Where the data below contains pictures, omit them; output the rest word for word.

------ Source material ------

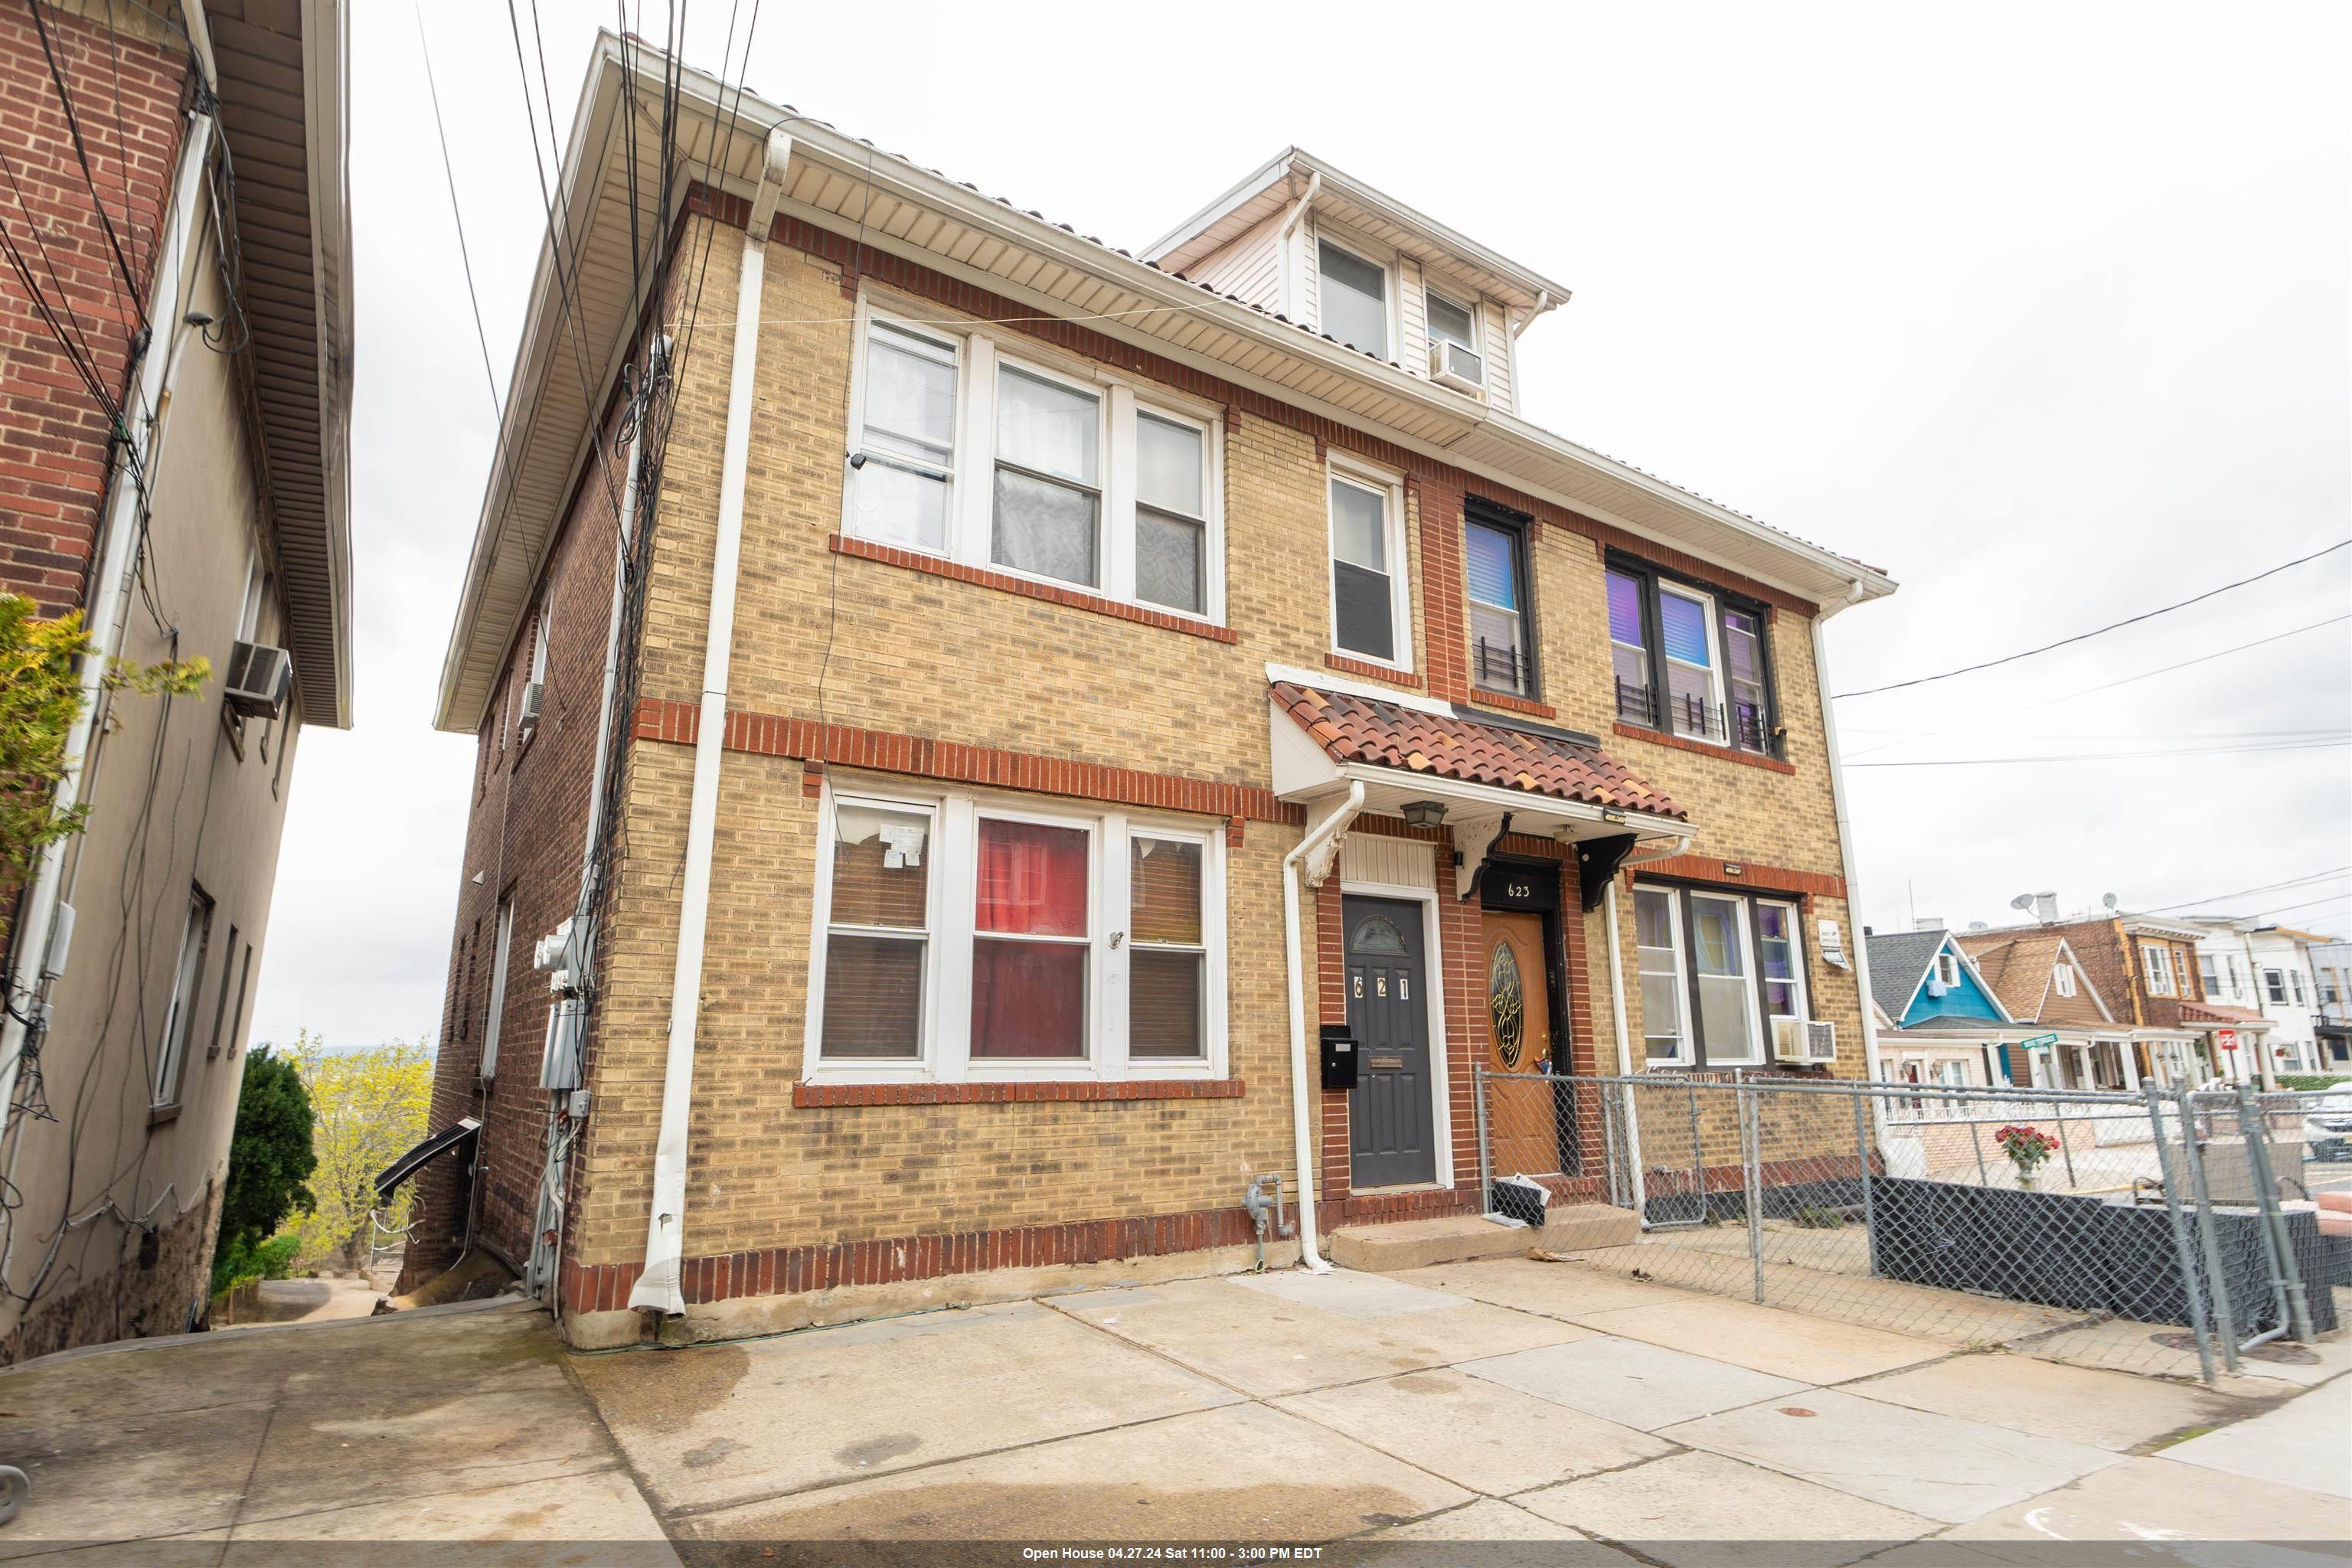 621 COLUMBIA AVE Multi-Family New Jersey
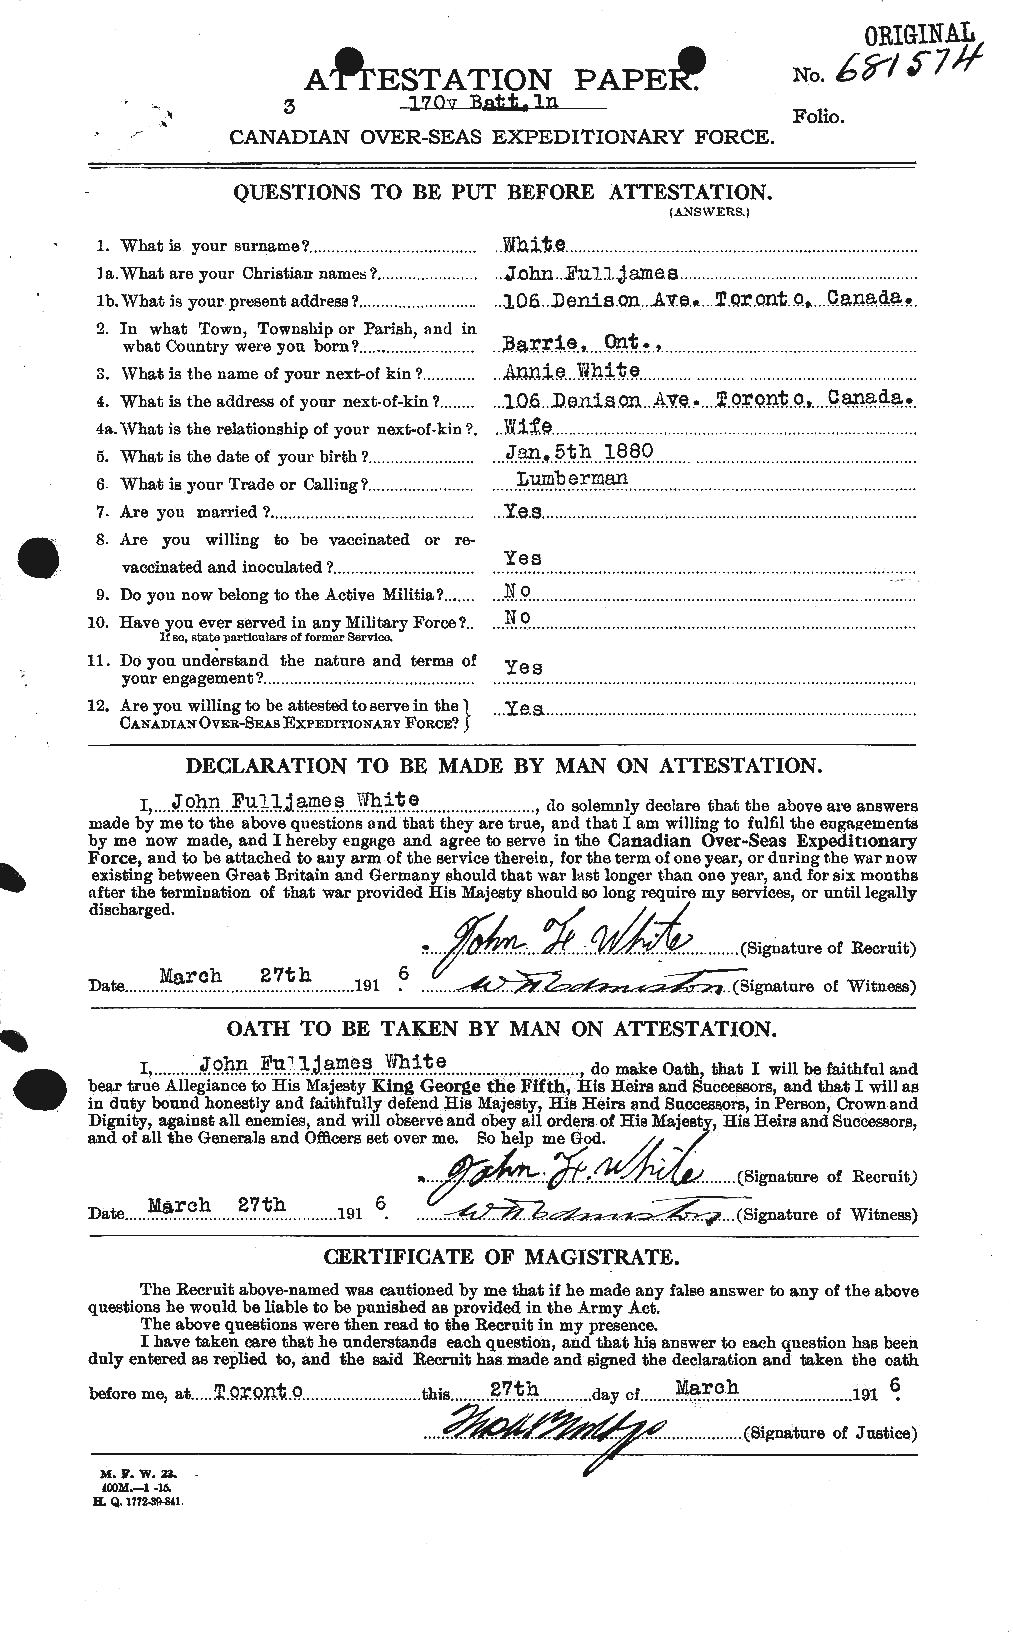 Personnel Records of the First World War - CEF 671562a
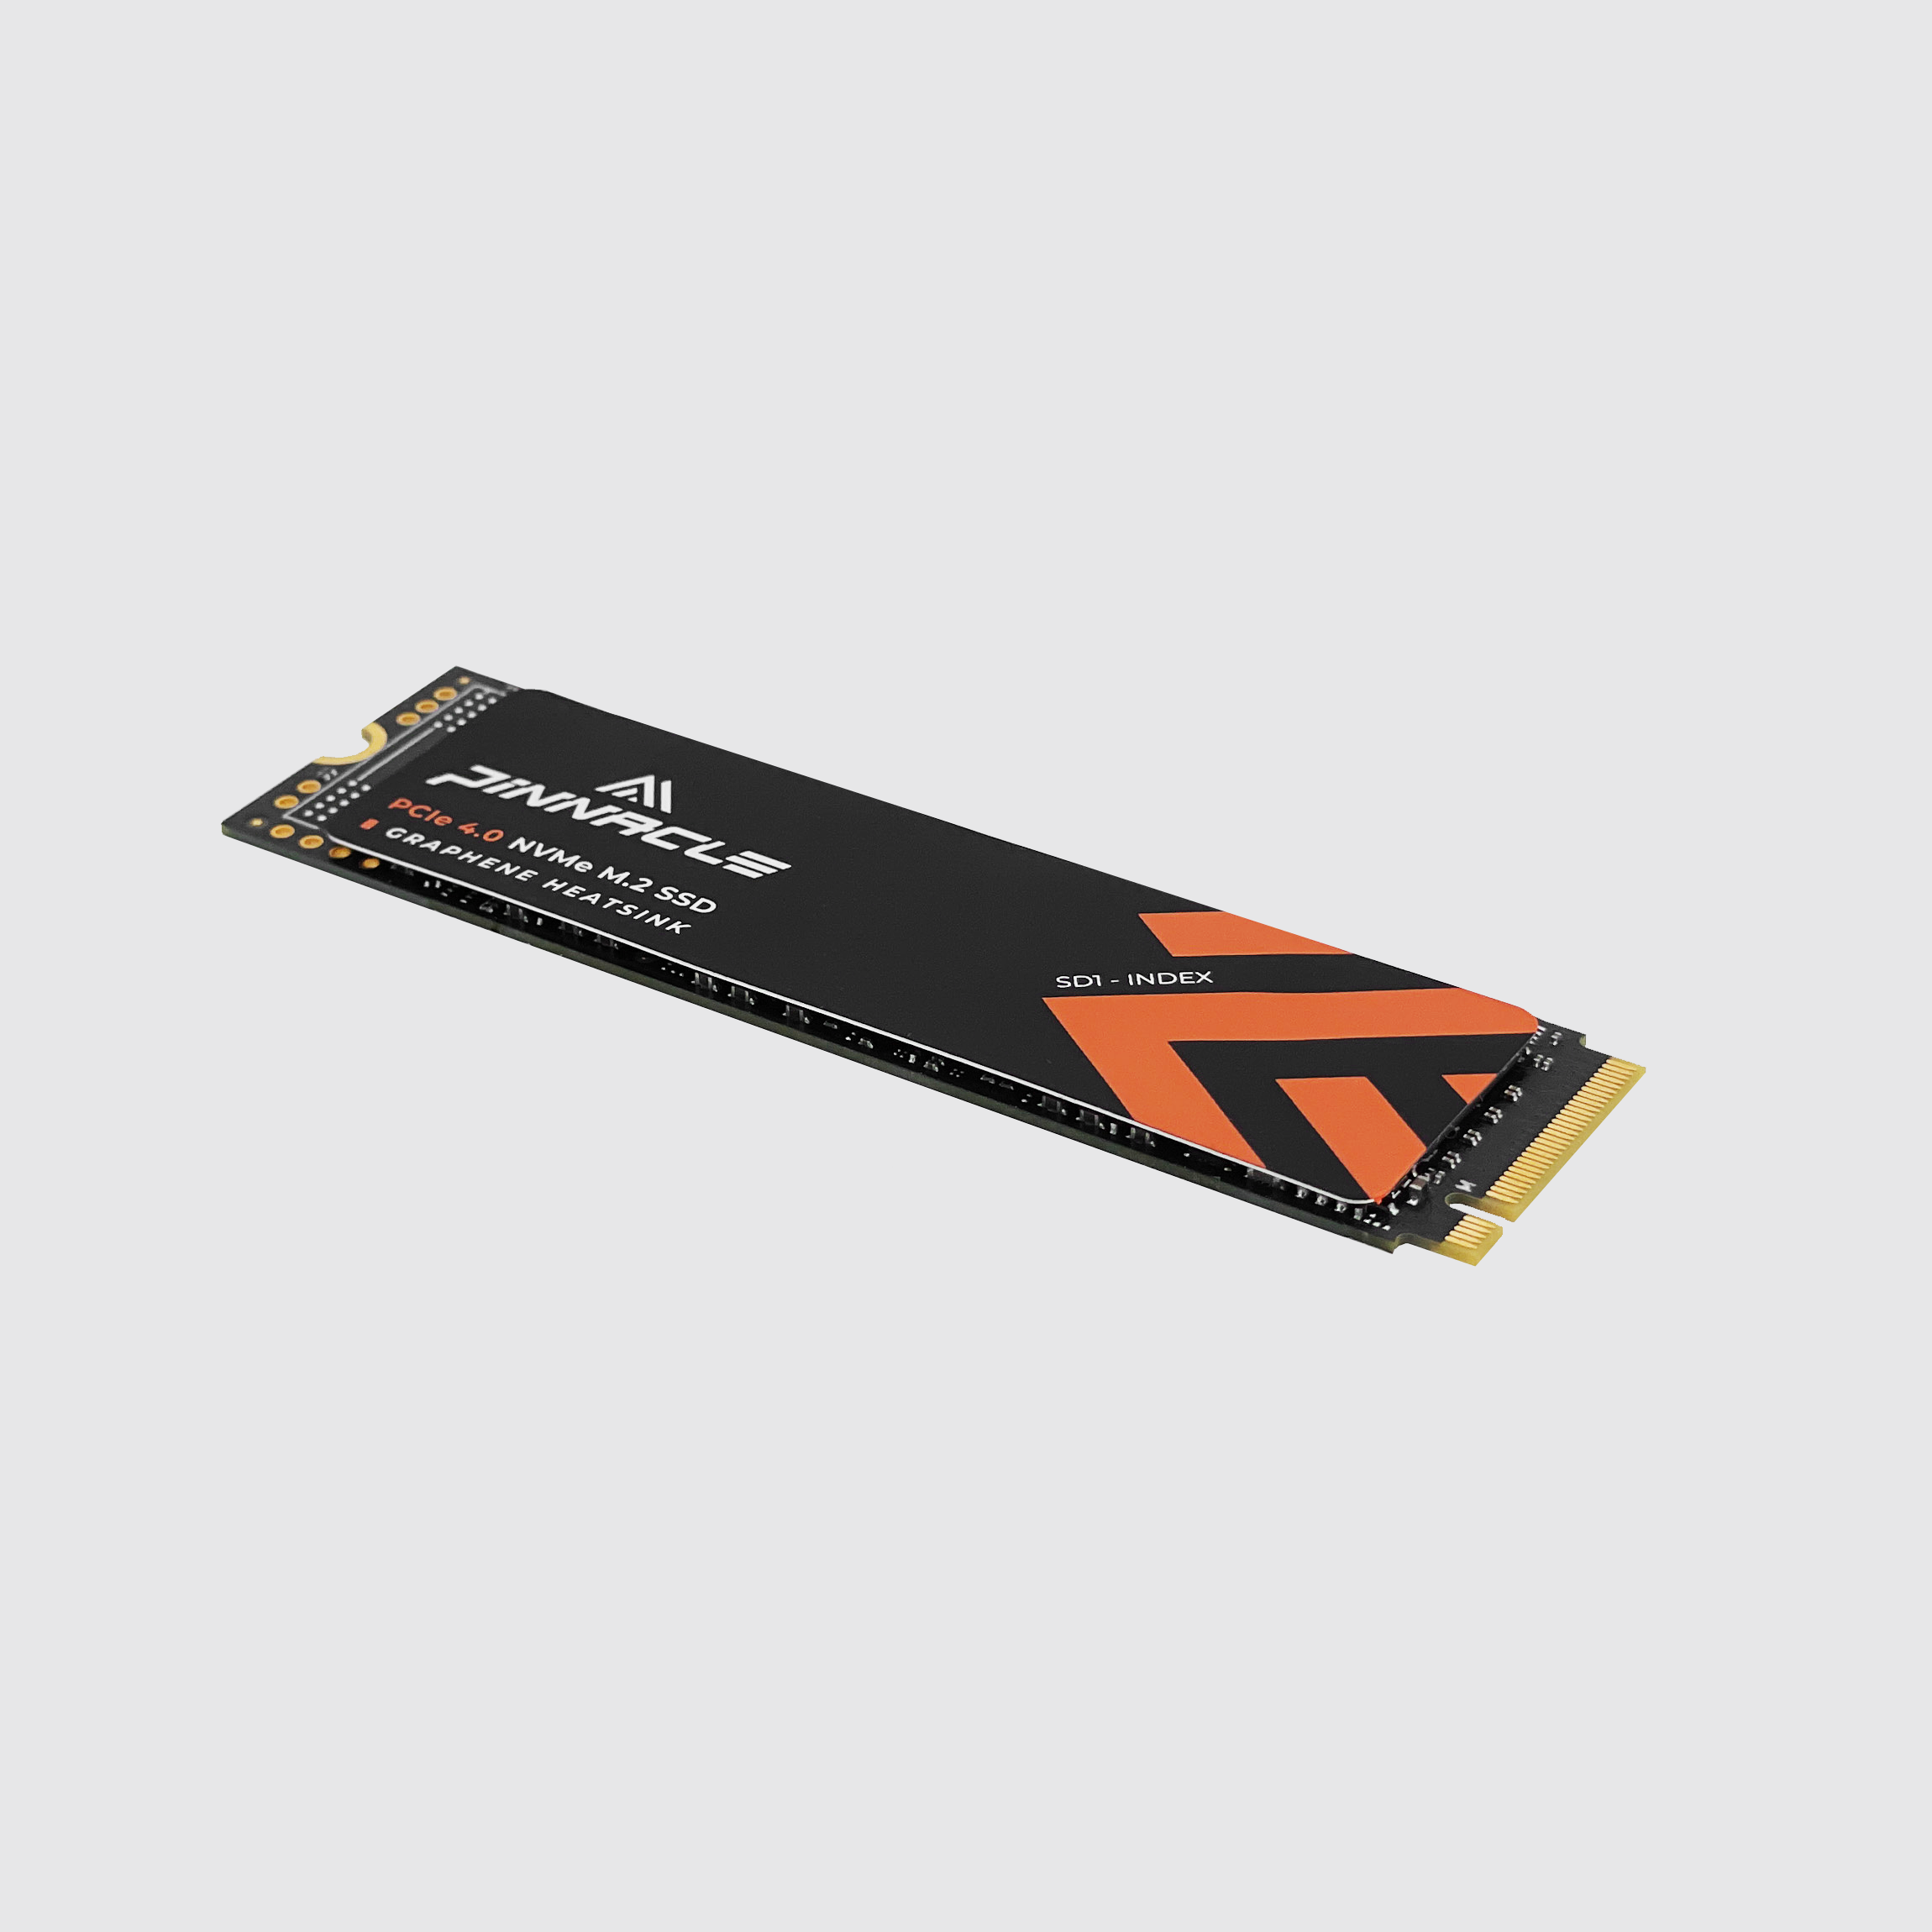 PINNACLE SD-1 INDEX PCIe Gen4x4 Graphene M.2 Solid State Drive

------

→ Response below
 621 COLUMBIA AVE Multi-Family New Jersey
 Personnel Records of the First World War - CEF 671562a
 PINNACLE SD-1 INDEX PCIe Gen4x4 Graphene M.2 Solid State Drive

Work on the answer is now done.